ÜBER  UNS

VON RIDERN GEFÜHRT UND  BETRIEBEN

Das Unternehmen

1996

Fortschritt und Innovation sind das, was uns antreibt. Durch jahrelange Entwicklung und Rider getriebenes Design, hat Freebord ein Produkt entwickelt, das sich genau wie ein Snowboard auf dem Asphalt fährt.

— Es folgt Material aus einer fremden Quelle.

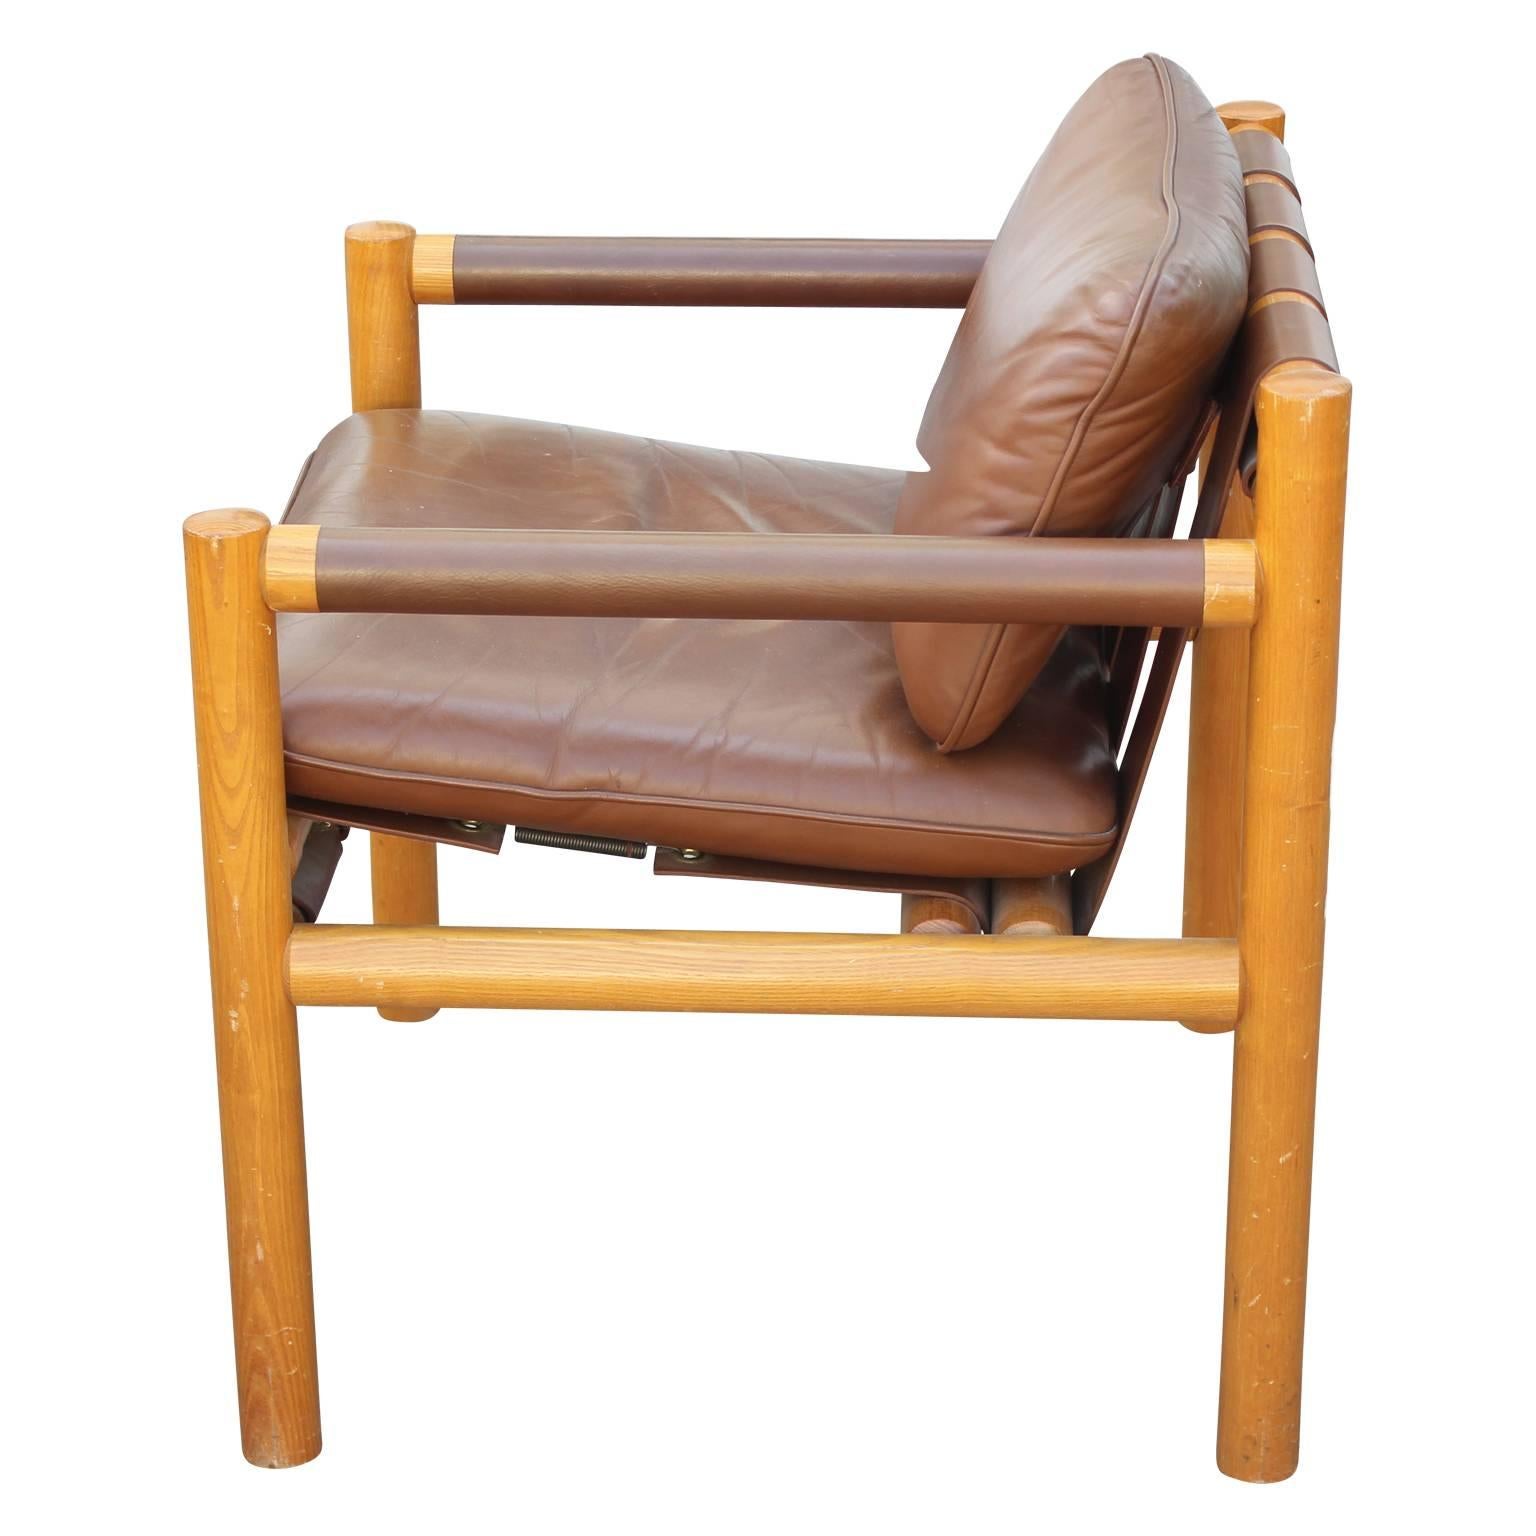 Pair of gorgeous Scandinavian / Danish safari lounge chairs made from gorgeous oakwood and brown leather with upholstered arms. Perfect addition to any space looking for a Mid-Century Modern relaxed touch. 

We have two sets available.

Freebord wurde 1996 von Steen Strand in Palo Alto, CA, während seines Masterstudiums in Produktdesign an der Stanford University gegründet. Steen wollte einen Weg finden, das Snowboarden auf die Straße zu bringen und begann mit der Entwicklung von Prototypen eines Skateboards, das wie auf Schnee gleiten, driften und anhalten kann. Er ließ sein Design patentieren und begann 1997 in seiner Garage in San Francisco, Kalifornien, mit der Montage und dem Verkauf der ersten “Alpha“-Freebords. Seitdem wurden die Freebords immer kürzer und leichter, mit Bindungen, die die Füße des Riders beim Carven und Sliden halten.

 

 

Design und Prototyping

Die frühen Freebord-Prototypen ahmten den Sidecut von Snowboards nach, um Carving zu ermöglichen, aber es bedurfte mehrerer Designüberarbeitungen, um die Gleitbewegung nachzubilden, die das Freebord-Fahrgefühl einzigartig macht. Steen erkannte, dass die Mittelräder eine richtungsabhängige Vorspannung für die Stabilität benötigten (in frühen Modellen durch chirurgische Schläuche) und dass extra breite Achsen erforderlich waren, eine entscheidende Komponente des späteren Designs. “Nachdem einer unserer Fahrer in Fakie driftete und eine dicke Kante erwischte, begann ich mit der Konstruktion eines Mittelrads, das sich um 360 Grad drehen konnte”, sagt Steen. “Sobald der Testaufbau funktionierte, baute ich zwei Centers und montierte sie auf einem Testdeck, das ich bereits für frühere Prototypen verwendet hatte (es hatte wahrscheinlich hundert Löcher, die durch Ausprobieren verschiedener Dinge gebohrt wurden). Ich probierte viele verschiedene Deckformen und -größen aus, lernte aber schließlich, dass Breite, Steifigkeit und Konkavität das Fahrverhalten verbesserten.

Das Alpha 112cm war unser erstes Freebord Serienmodell, mit einer Twin-Tip-Konstruktion und einem Sidecut, der einem gekürzten Snowboard ähnelt. Die ebenfalls in einem 110 cm langen Modell gefertigten Alphas fuhren gut, waren jedoch schwer und auf den immer steiler werdenden Straßen, auf denen die Fahrer sie fuhren, schwer zu kontrollieren. So begannen wir 2001 mit der Produktion der kleineren, leichteren und wendigeren Xponent-Decks in 80 cm. Auf diesen Brettern befanden sich auch Skyhook S1-Bindungen, die den Fuß des Fahrers in Position hielten und beim Carven und Rutschen bergab viel mehr Hebelwirkung ermöglichten. Aus diesen Bindungen hat sich inzwischen die S2 entwickelt, die sich durch eine größere Fußabdeckung und zusätzliche Verstellbarkeit auszeichnet. Als Reaktion auf die wachsende Nachfrage und das verlangen der Rider nach einem aggressiveren Setup, haben wir 2008 die G3-trucks eingeführt, mit Verbesserungen bei Haltbarkeit und Festigkeit, sowie einer größeren Auflagesfläche für mehr Reaktionsfähigkeit.

Im Jahr 2015 haben wir die G3-R-Trucks rausgebracht. Die G3-Rs verfügten über angewinkelte Hangars, die die Stoppkraft erhöhten und dem Fahrer viel mehr Rocker erlaubten. Die zentrale Radhalterung wurde neu gestaltet, um die Festigkeit und Einstellbarkeit zu verbessern. Alle Verbesserungen finden Sie hier.

Im Jahr 2020 starteten wir eine erfolgreiche Indiegogo-Kampagne zur Einführung einer neuen Produktlinie. Die weltweit ersten Trucks mit Einzelradaufhängung sind auf dem Freebord 5X zu sehen. Beim Betreten von Neuland und beschlossen bei unseren Wurzeln zu bleiben und ein Upgrade auf den traditionellen kingpin Trucks herauszubringen. Das Freebord 5 verfügt über ein übergroßes Bushing, das maximale Stabilität und Komfort bietet.